Task requirements>
The listing is to be printed word for word, pictures omitted.

Data block>

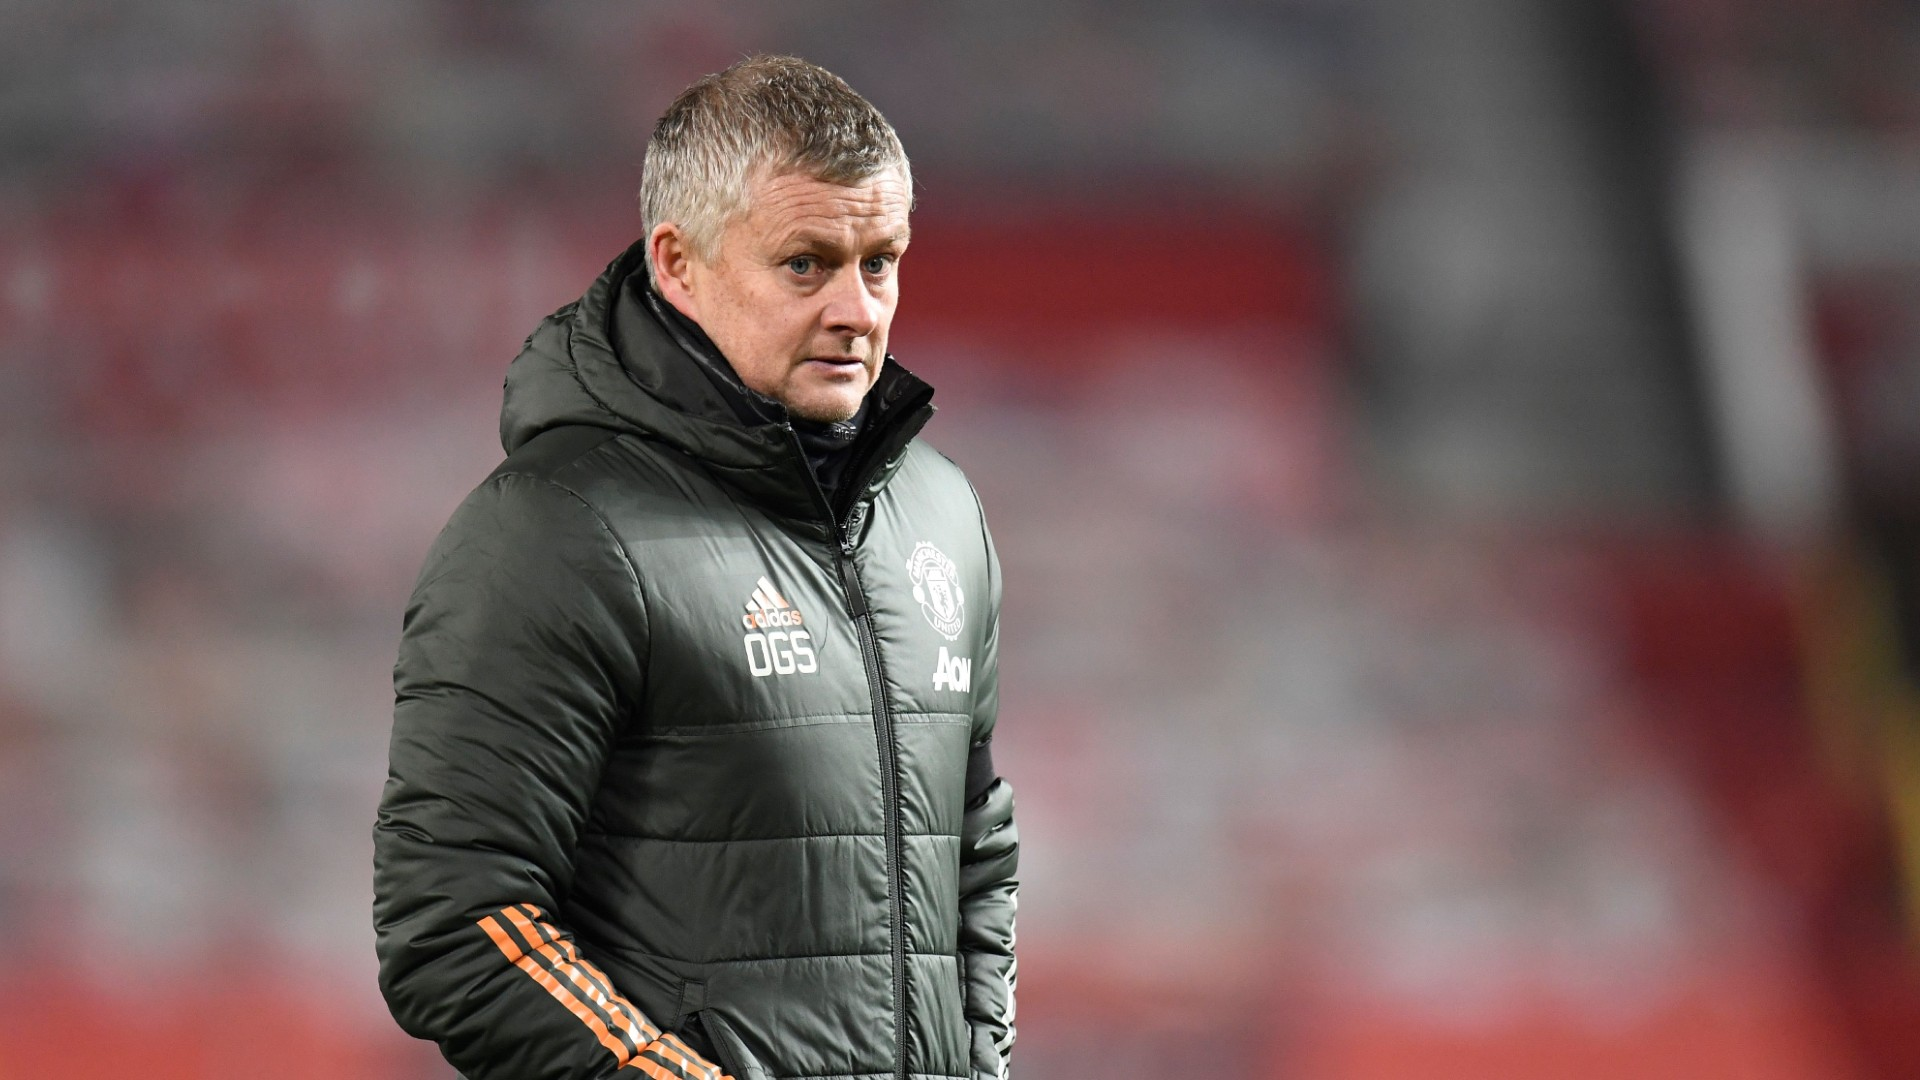 'We're not even halfway!' – Solskjaer not thinking about Man Utd Premier League title tilt
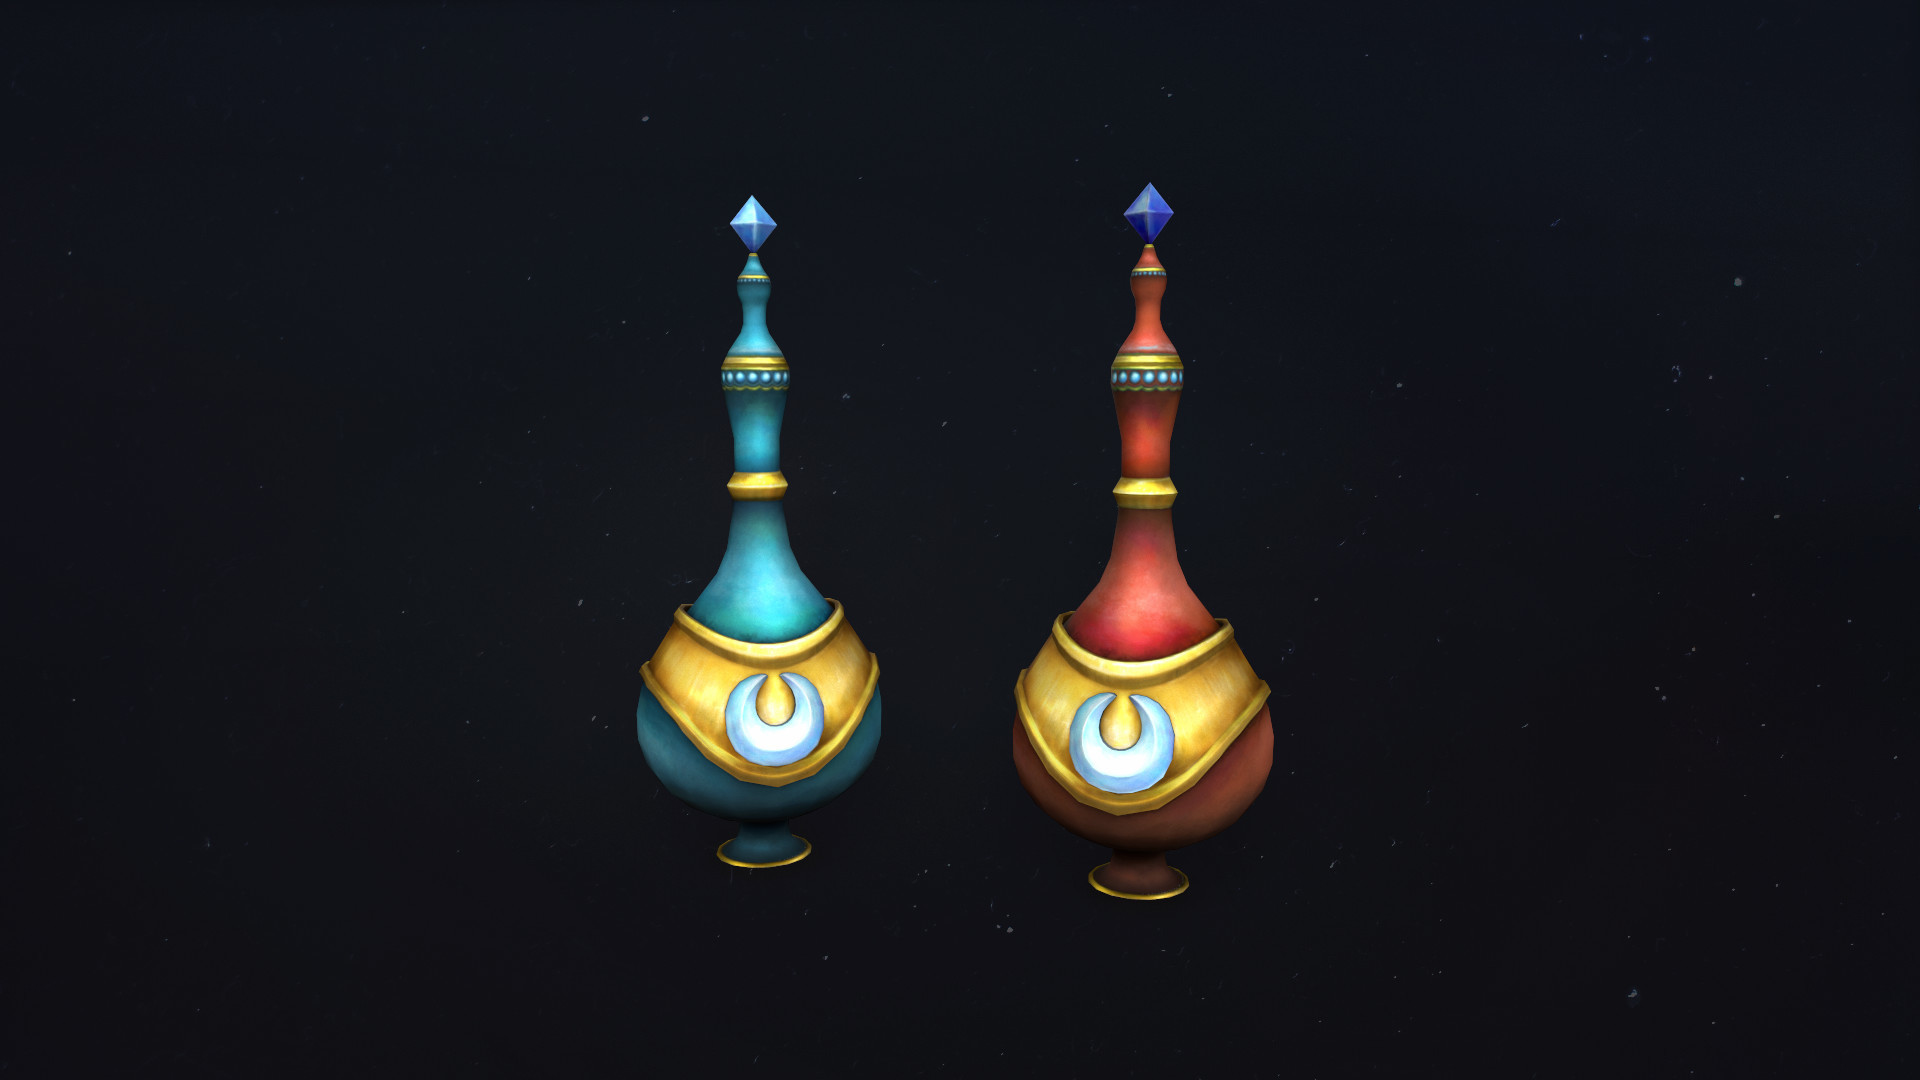 Ines merino vase01
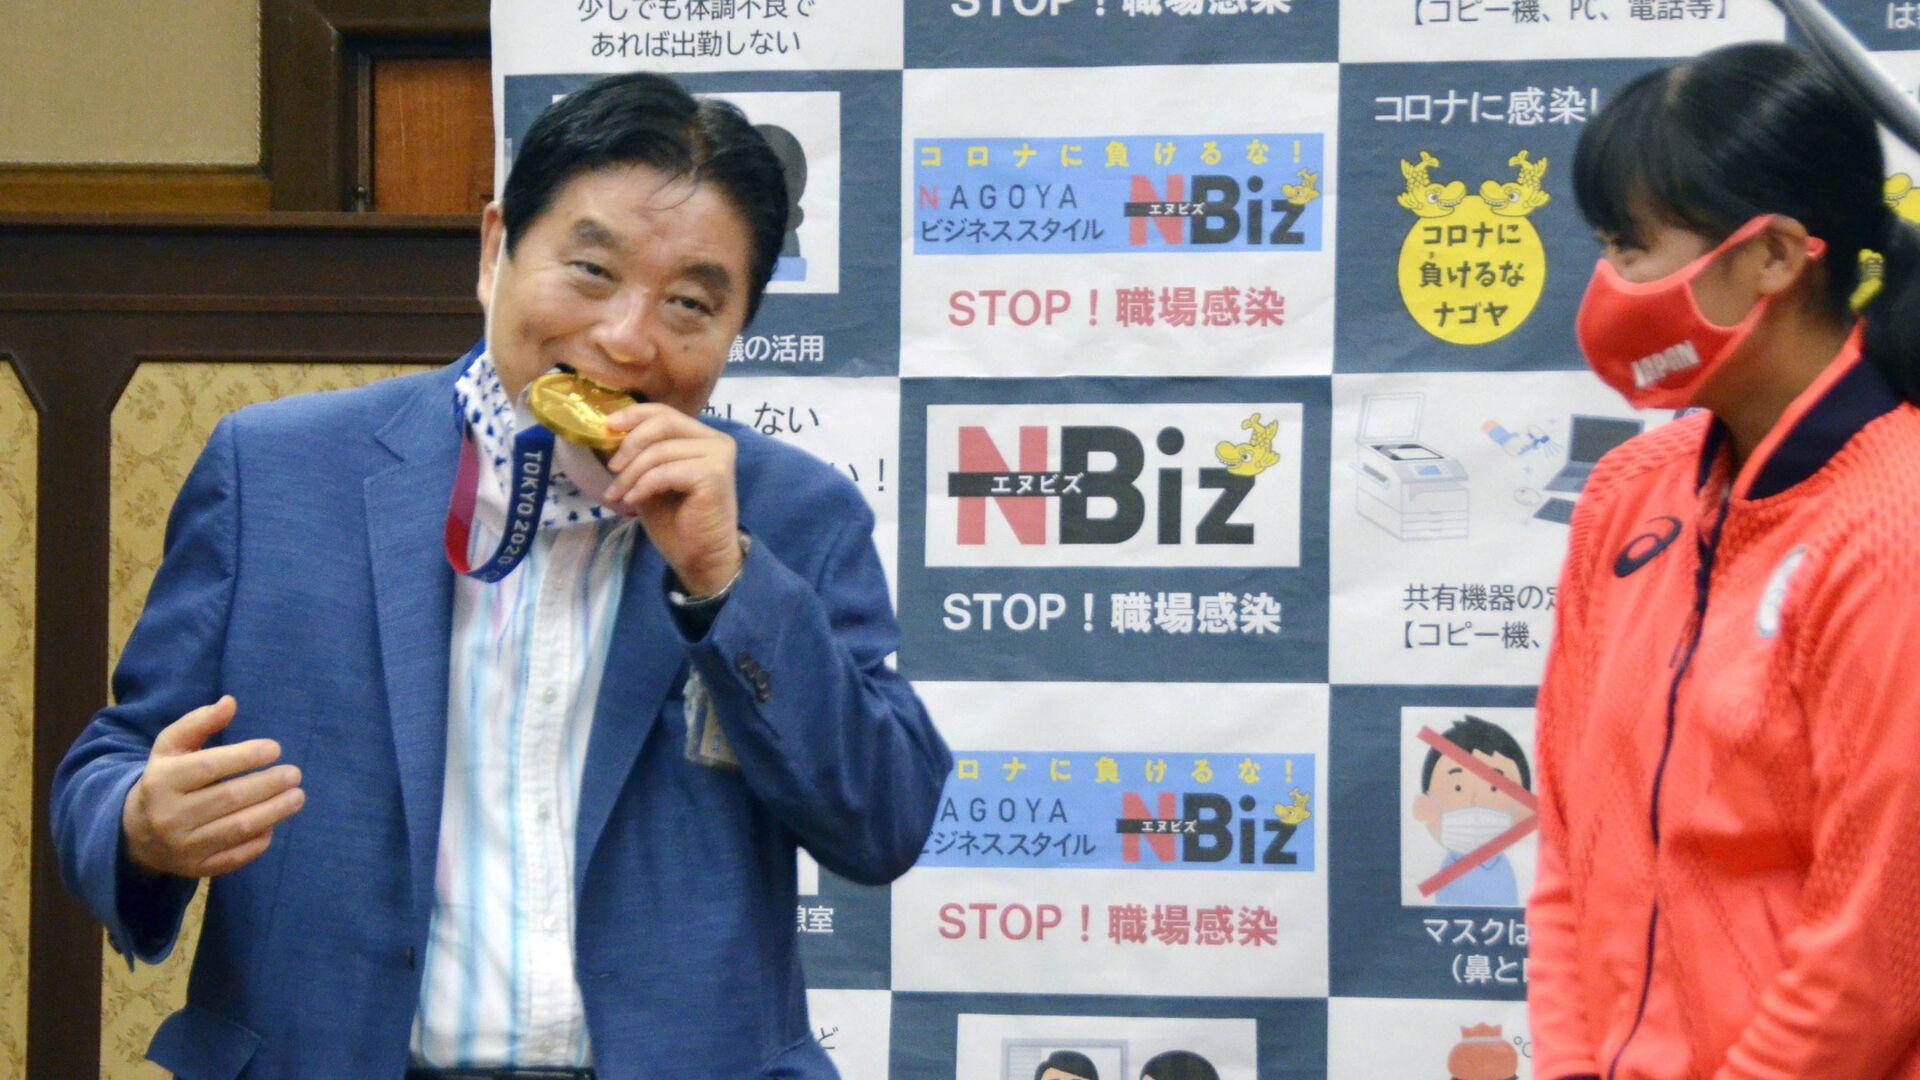 Il sindaco di Nagoya, Takashi Kawamura, morde la medaglia dell'atleta giapponese di softball Miu Goto - Sputnik Italia, 1920, 12.08.2021

Answer box>
 'We're not even halfway!' – Solskjaer not thinking about Man Utd Premier League title tilt
 Ines merino vase01
 Il sindaco di Nagoya, Takashi Kawamura, morde la medaglia dell'atleta giapponese di softball Miu Goto - Sputnik Italia, 1920, 12.08.2021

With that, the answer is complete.